## PROBLEM TO SOLVE
Keep the images out and set the listing below down word for word.
INFORMATION SHOWN section start
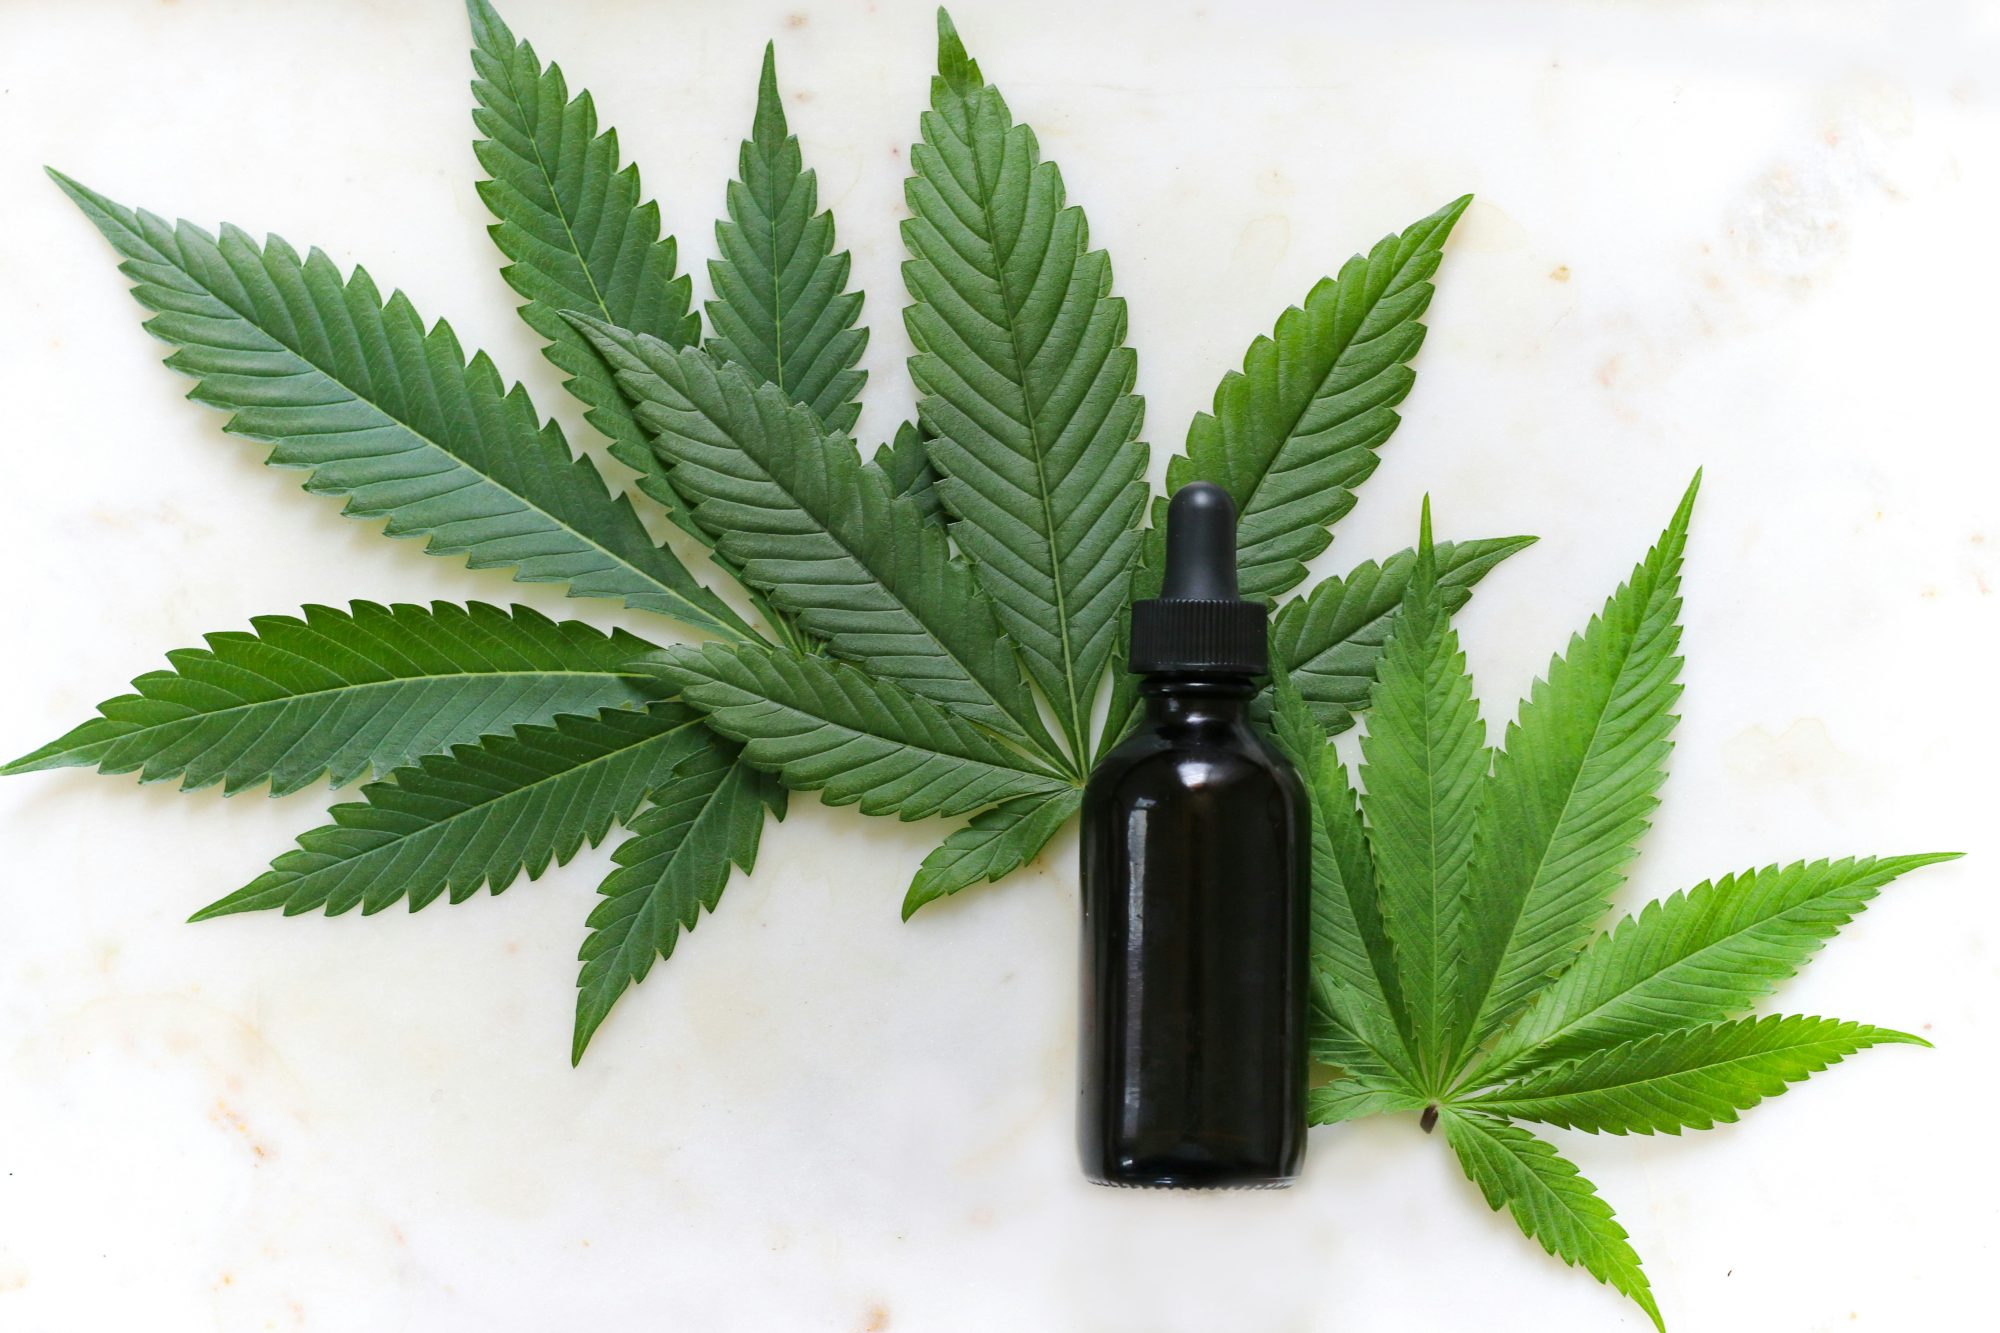 Bottle with medical marijuana - How to grow medical marijuana
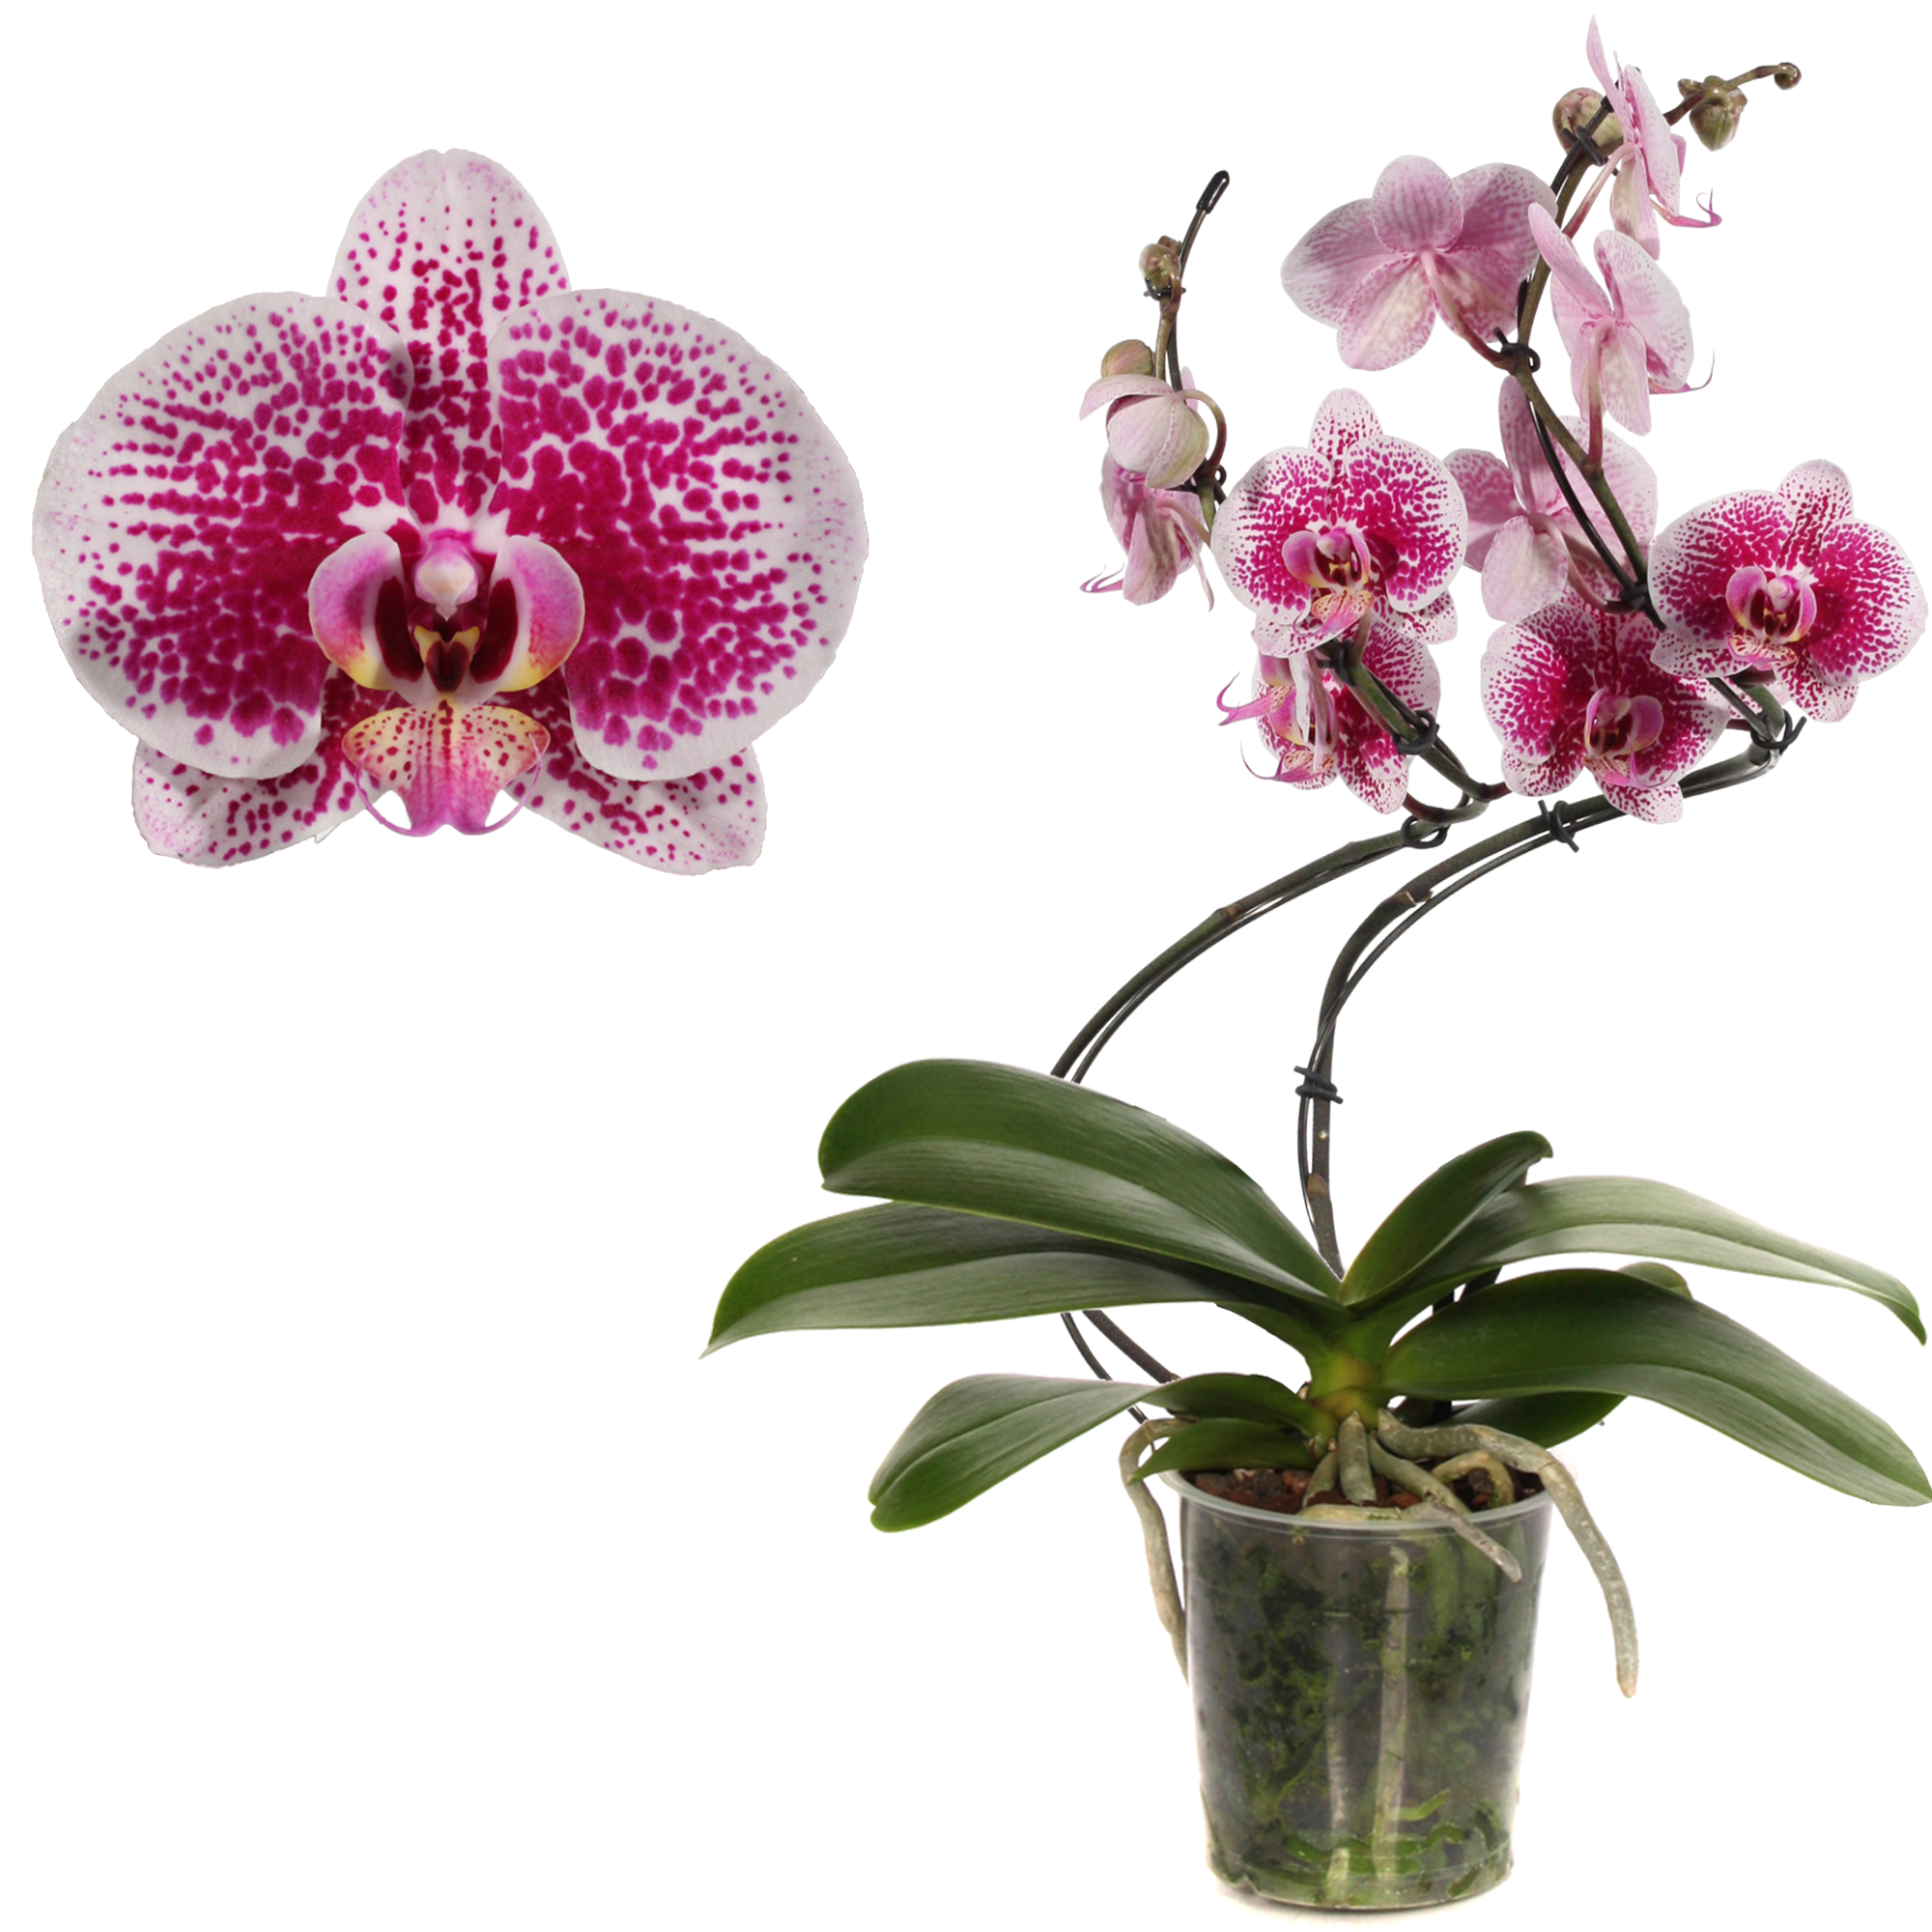 Schmetterlingsorchidee 'Cultivation' 2 Rispen pink, 12 cm Topf + product picture
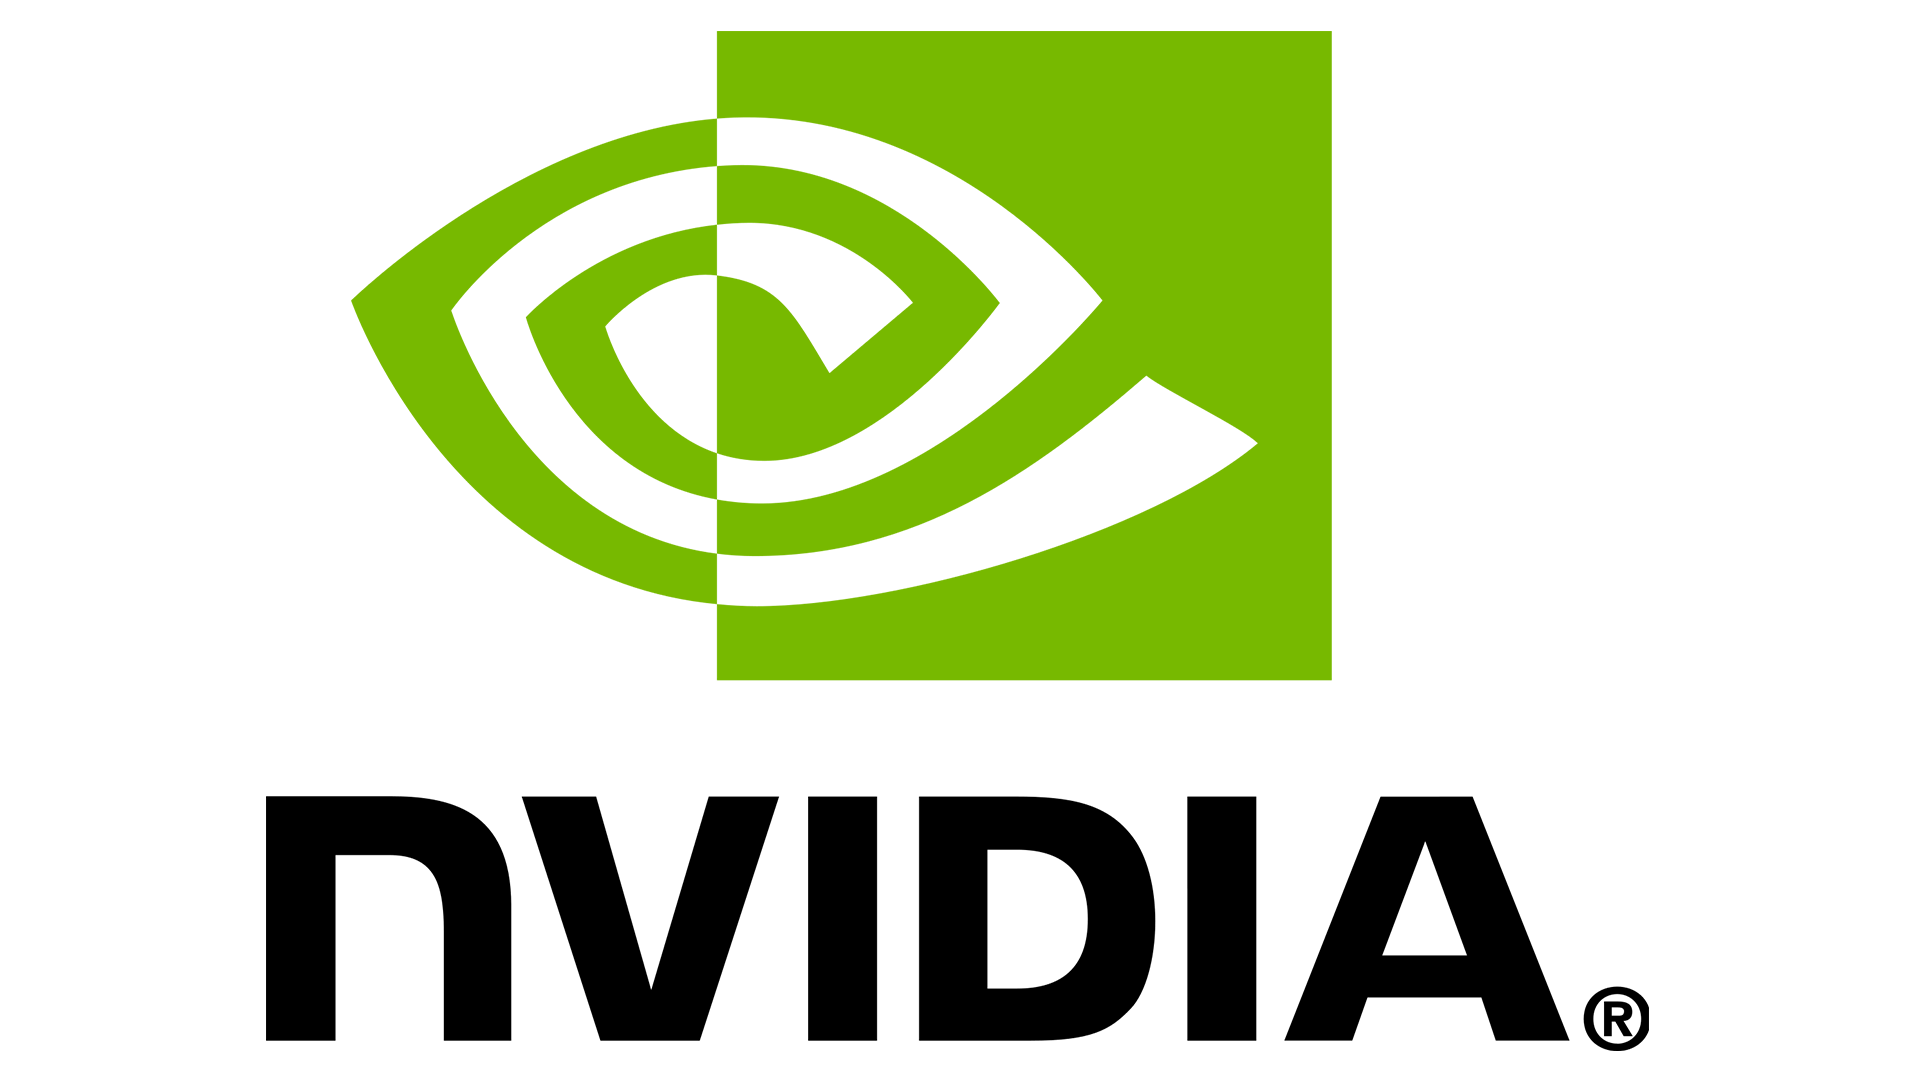 nvidia-logo-histoire-et-signification-evolution-symbole-nvidia
INFORMATION SHOWN section end
## REPLY
 Bottle with medical marijuana - How to grow medical marijuana
 Schmetterlingsorchidee 'Cultivation' 2 Rispen pink, 12 cm Topf + product picture
 nvidia-logo-histoire-et-signification-evolution-symbole-nvidia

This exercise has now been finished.